**Problem:**
Line by line, transcribe the data below exactly and pass over the images.

**Data provided:**
^^^^^^^^

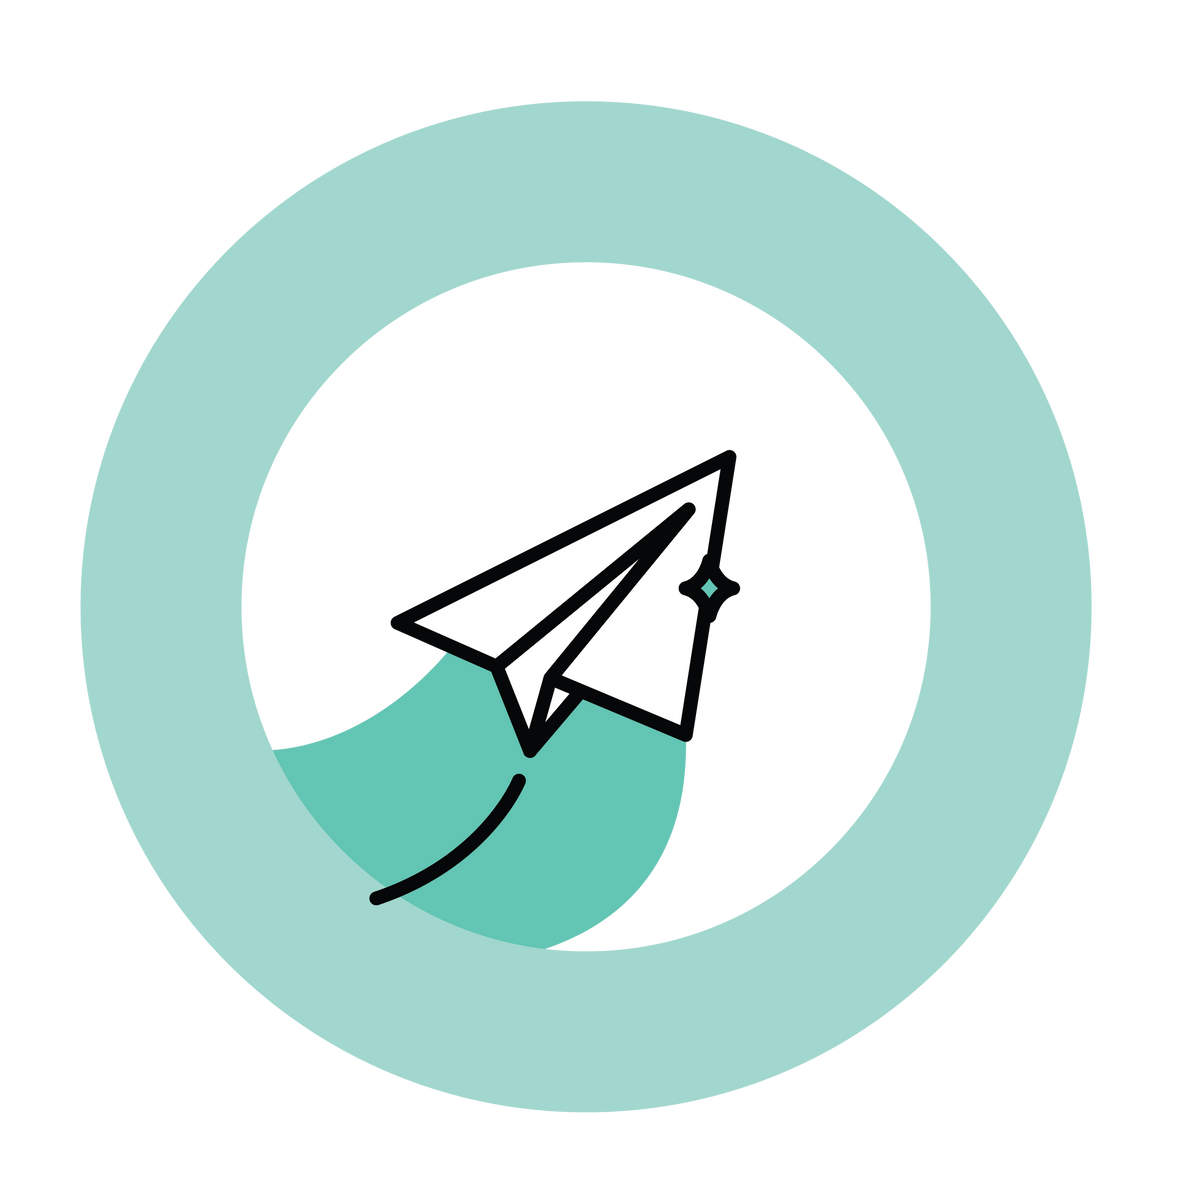 illustrated paper air plane flying inside a teal circle 
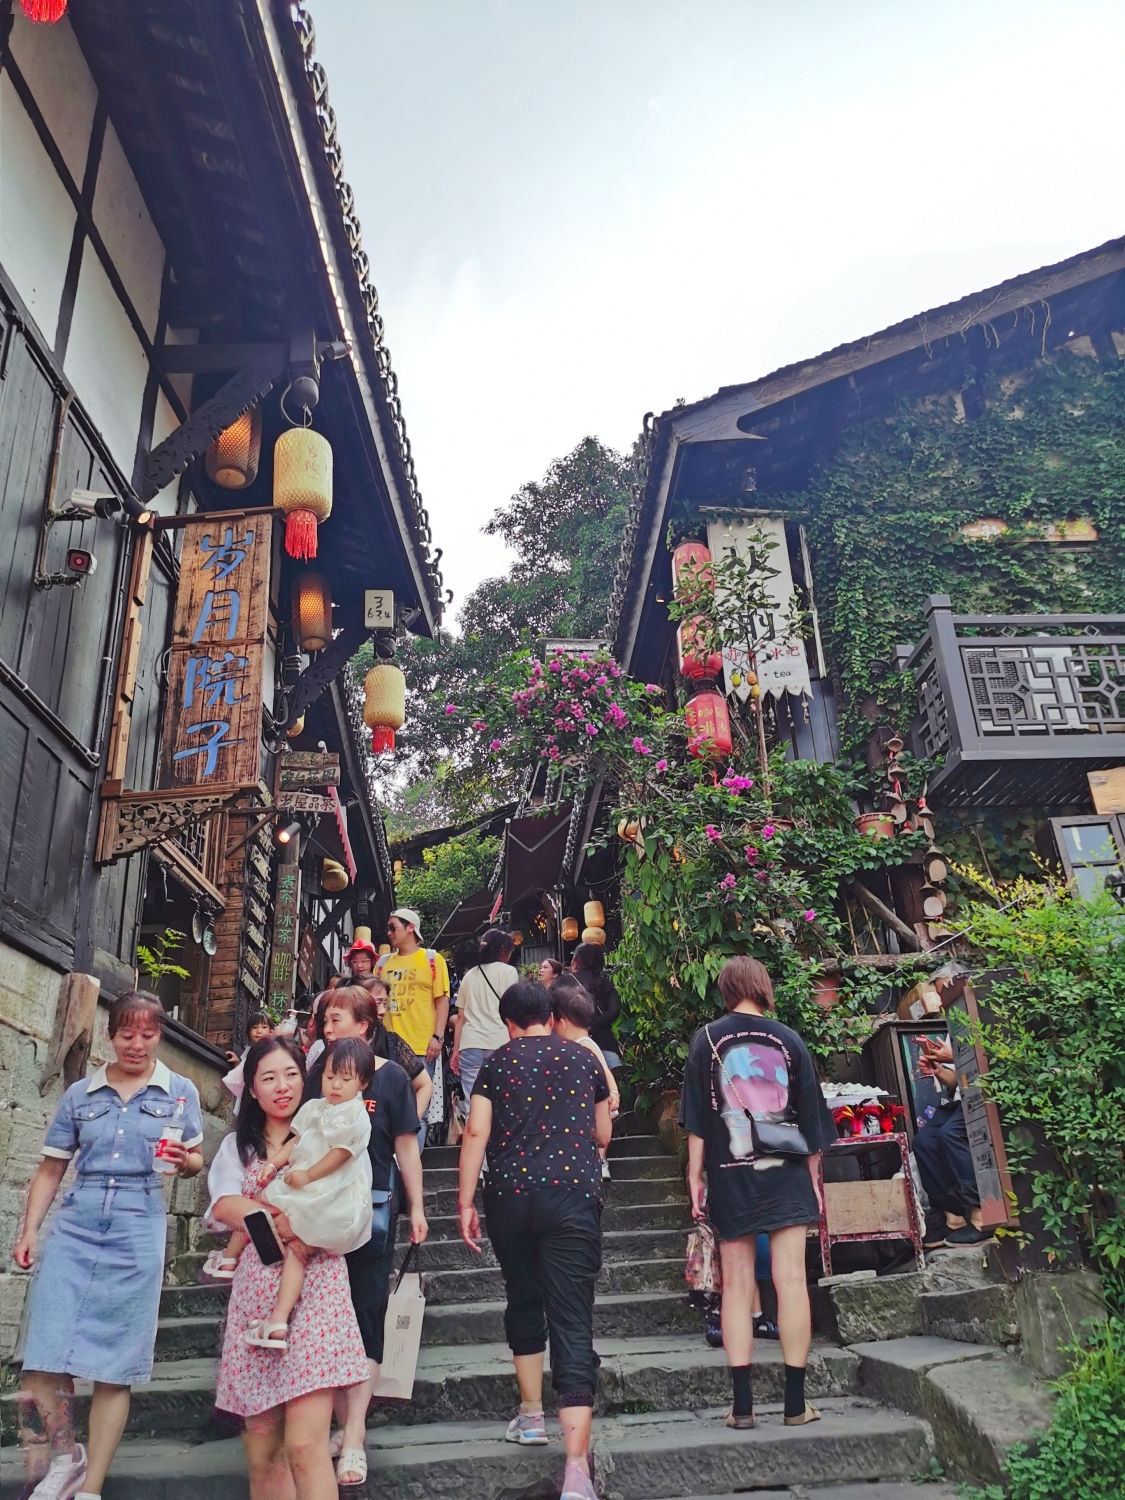 Tourists visit Ciqikou ancient town in southwest China's Chongqing on August 21, 2023. /CGTN
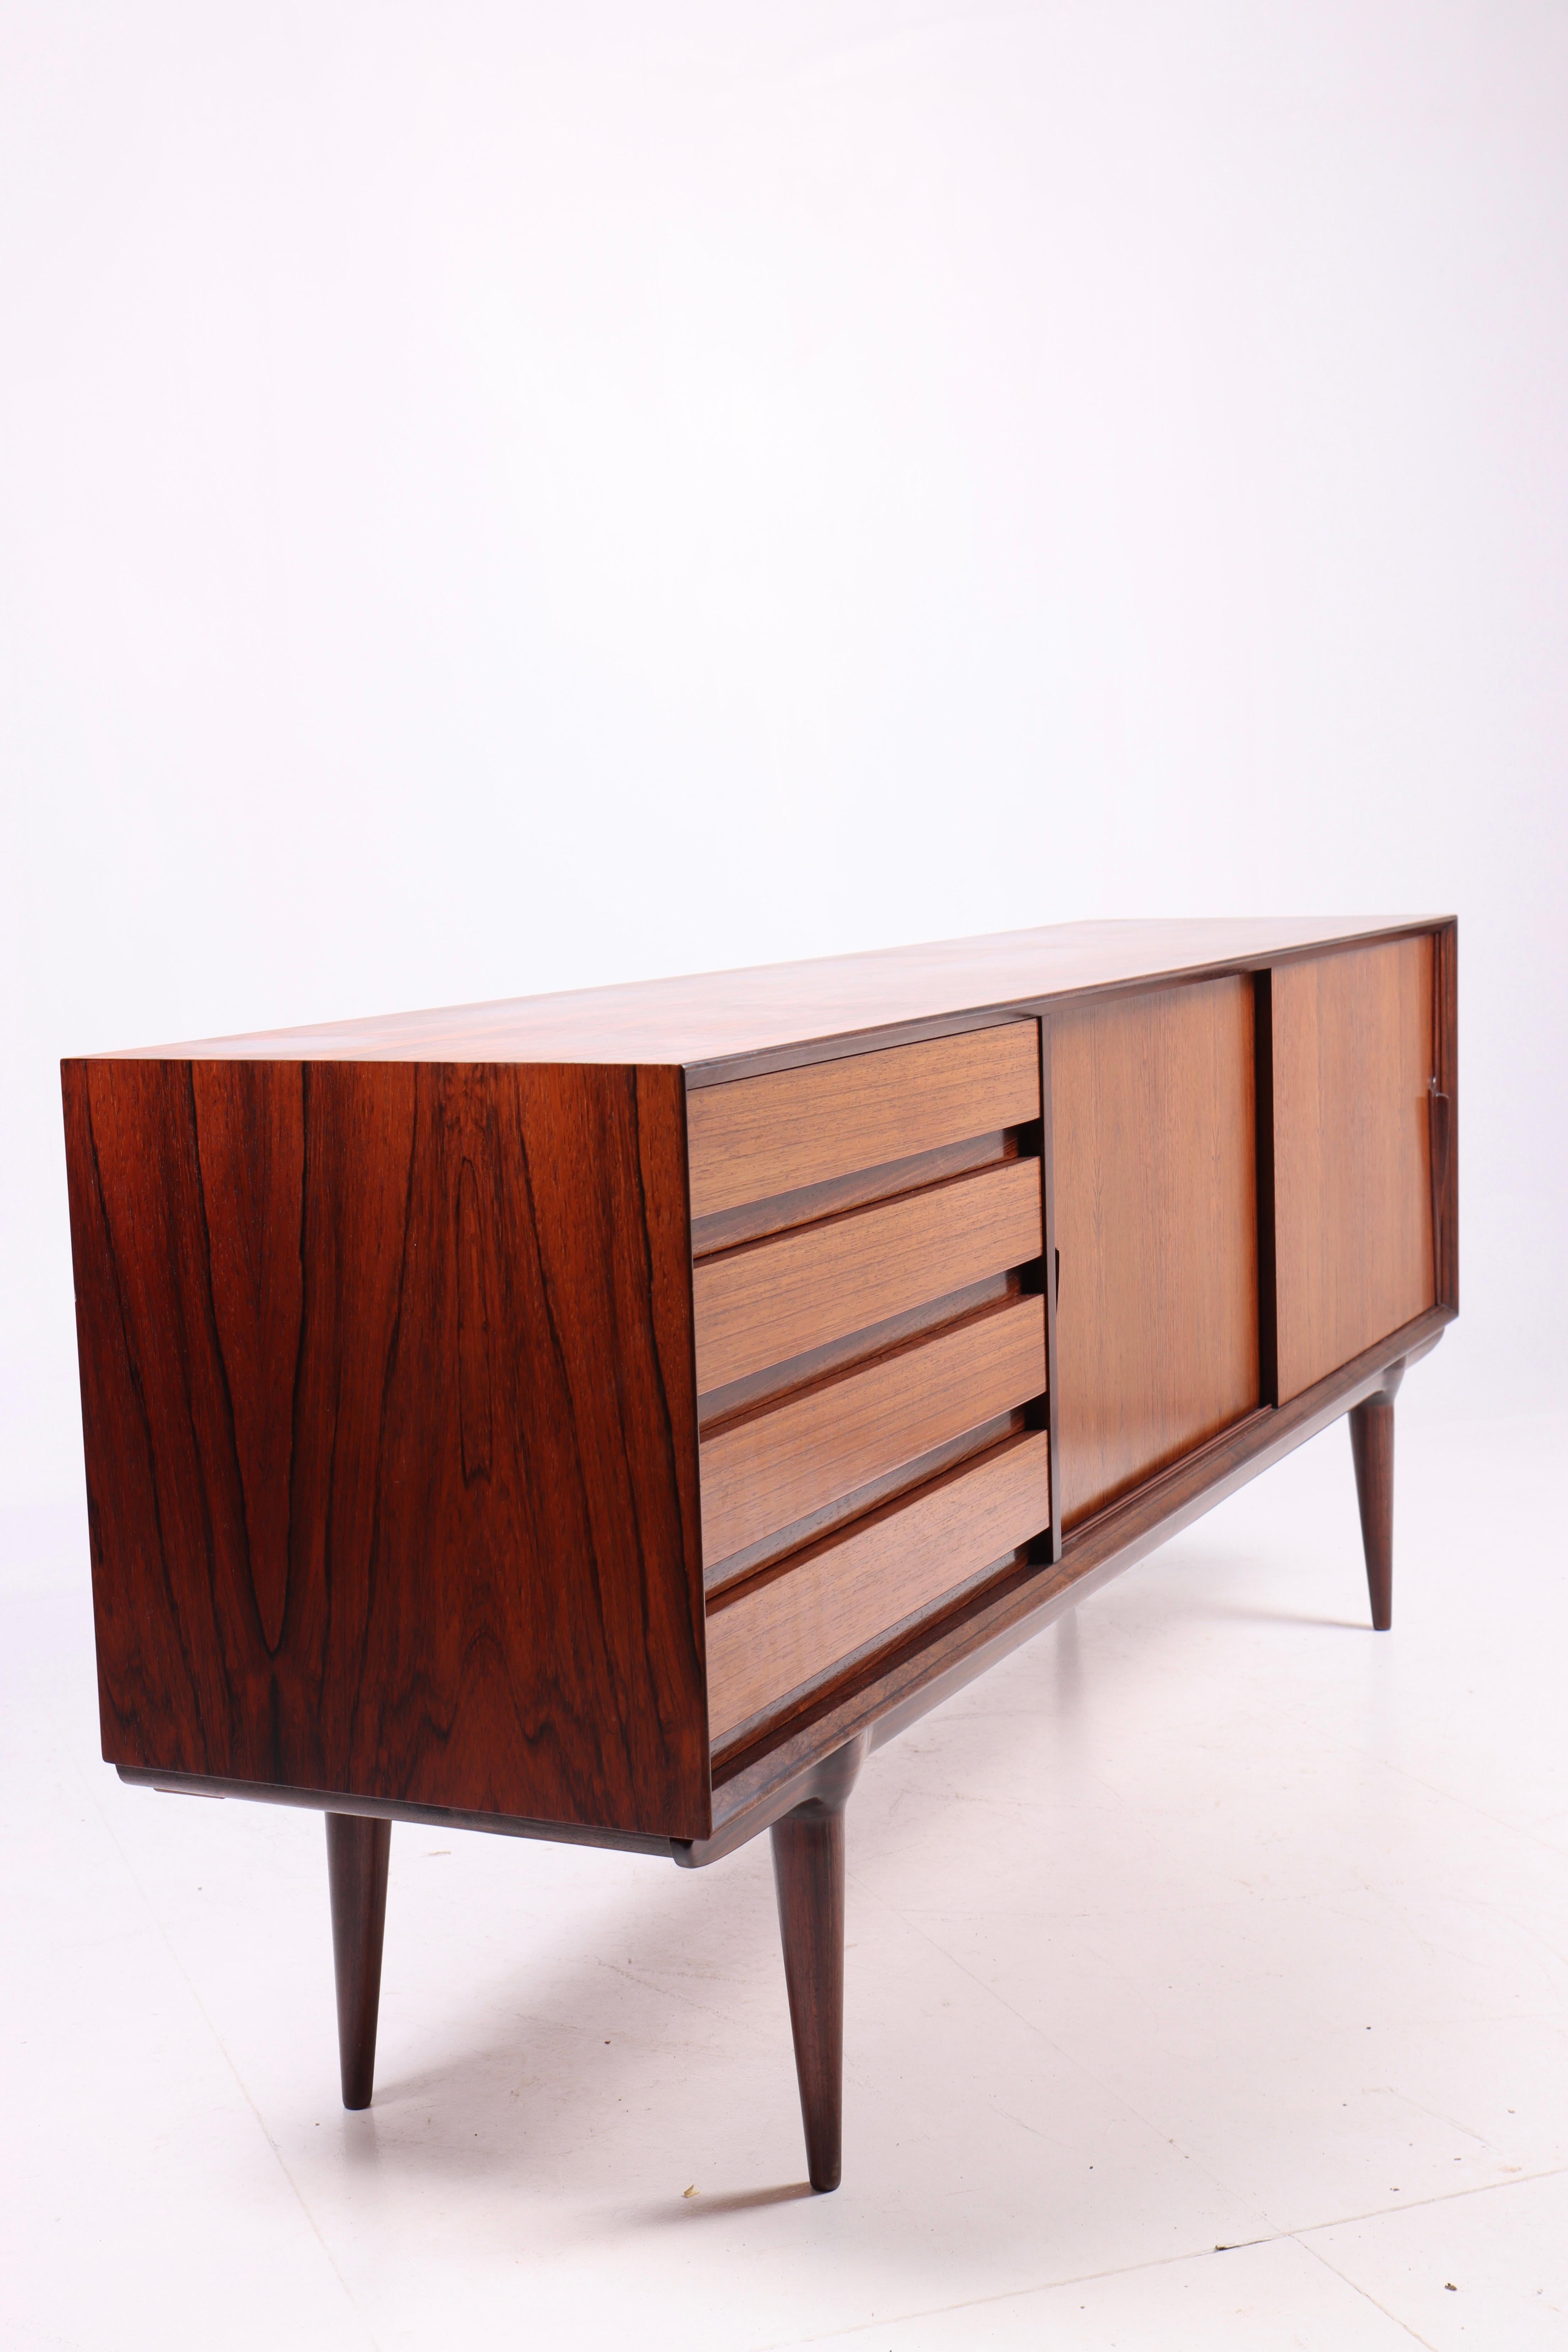 Midcentury Sideboard in Rosewood by Omann Jun, 1950s For Sale 4
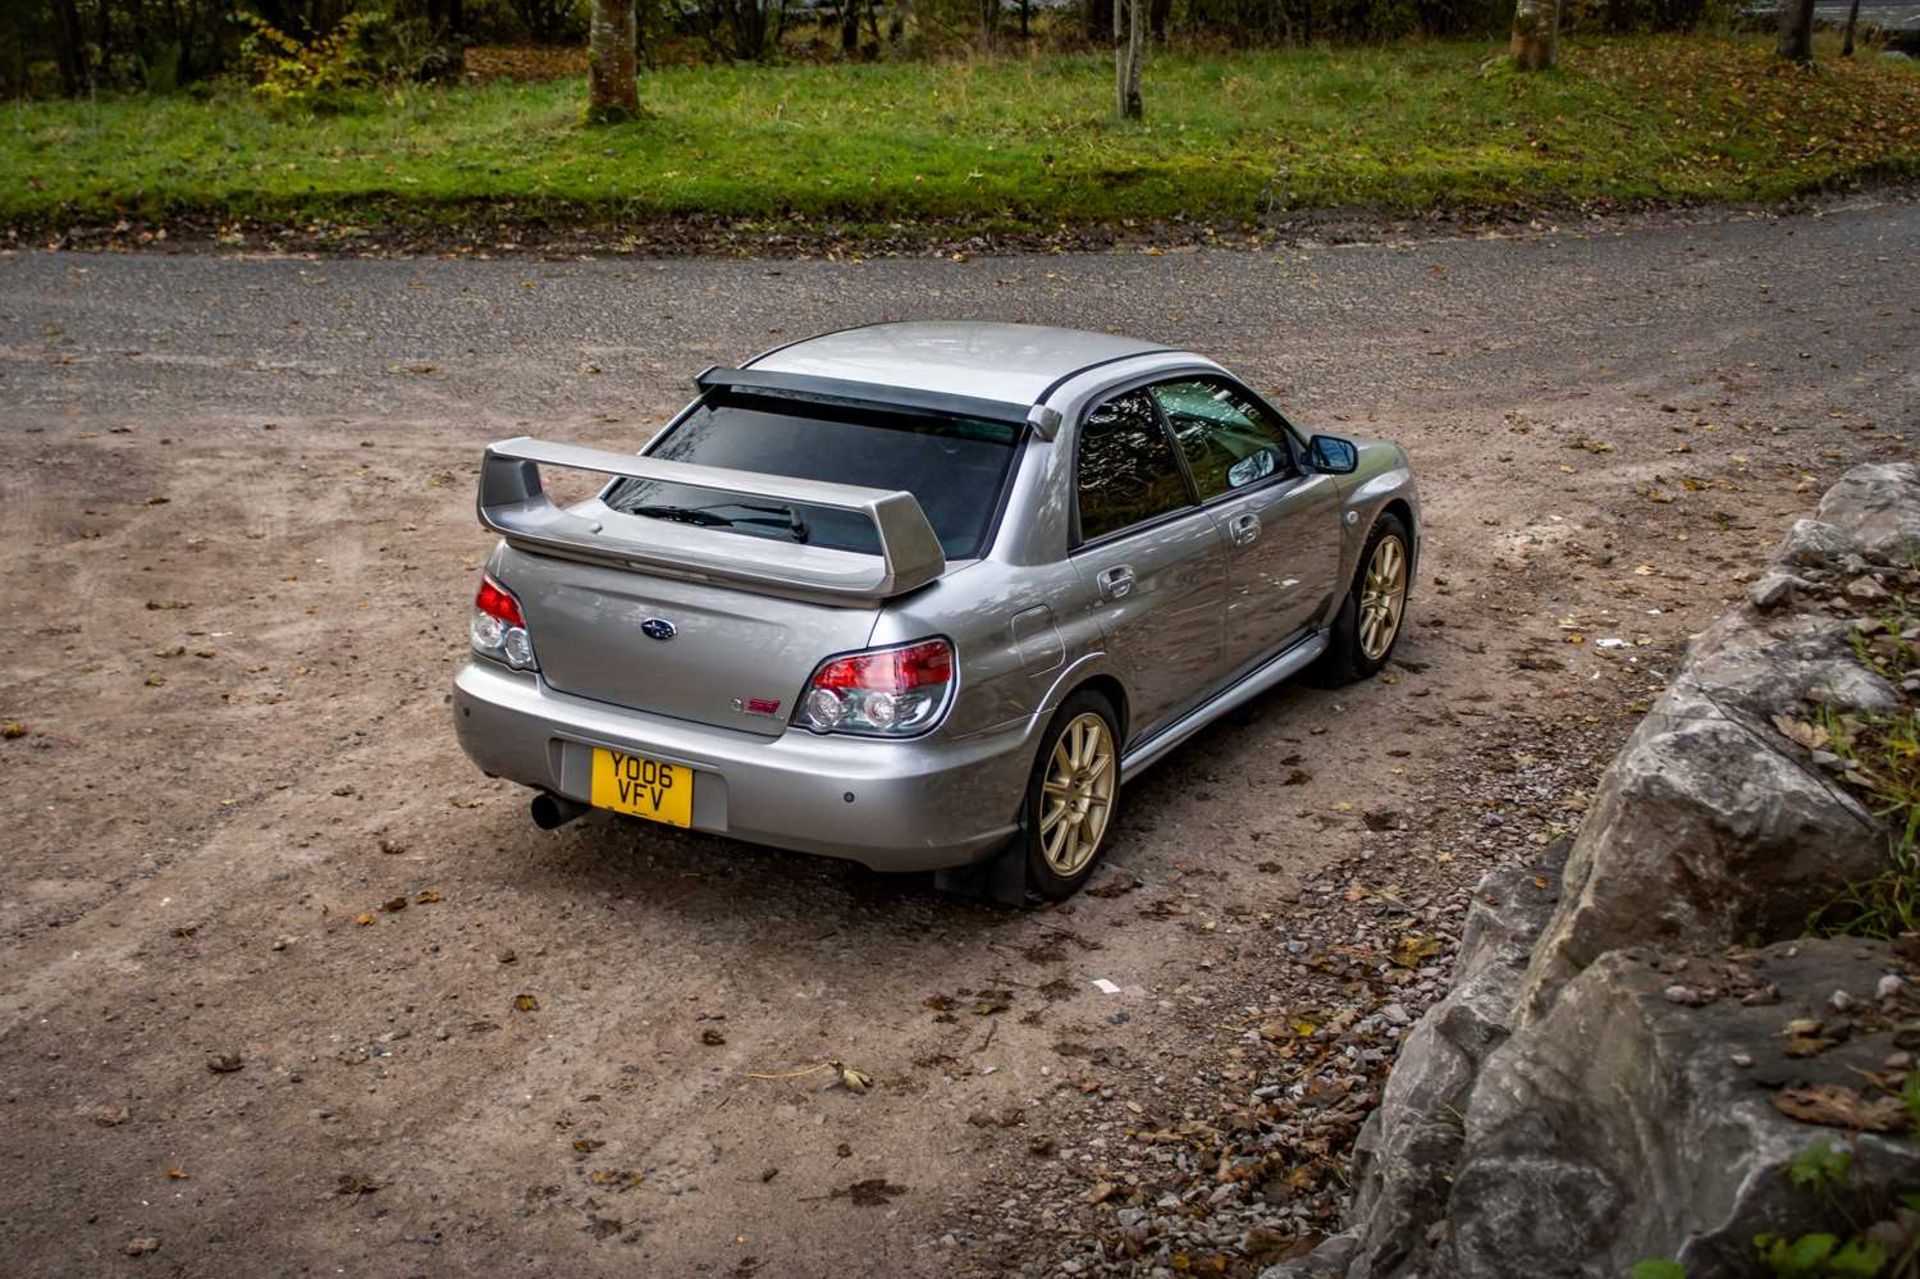 2006 Subaru Impreza WRX STi Featuring a plethora of desirable upgrades, supported by a dyno printout - Image 18 of 103

^^^^^^^^

**Answer section:**
 illustrated paper air plane flying inside a teal circle 
 Tourists visit Ciqikou ancient town in southwest China's Chongqing on August 21, 2023. /CGTN
 Midcentury Sideboard in Rosewood by Omann Jun, 1950s For Sale 4
 2006 Subaru Impreza WRX STi Featuring a plethora of desirable upgrades, supported by a dyno printout - Image 18 of 103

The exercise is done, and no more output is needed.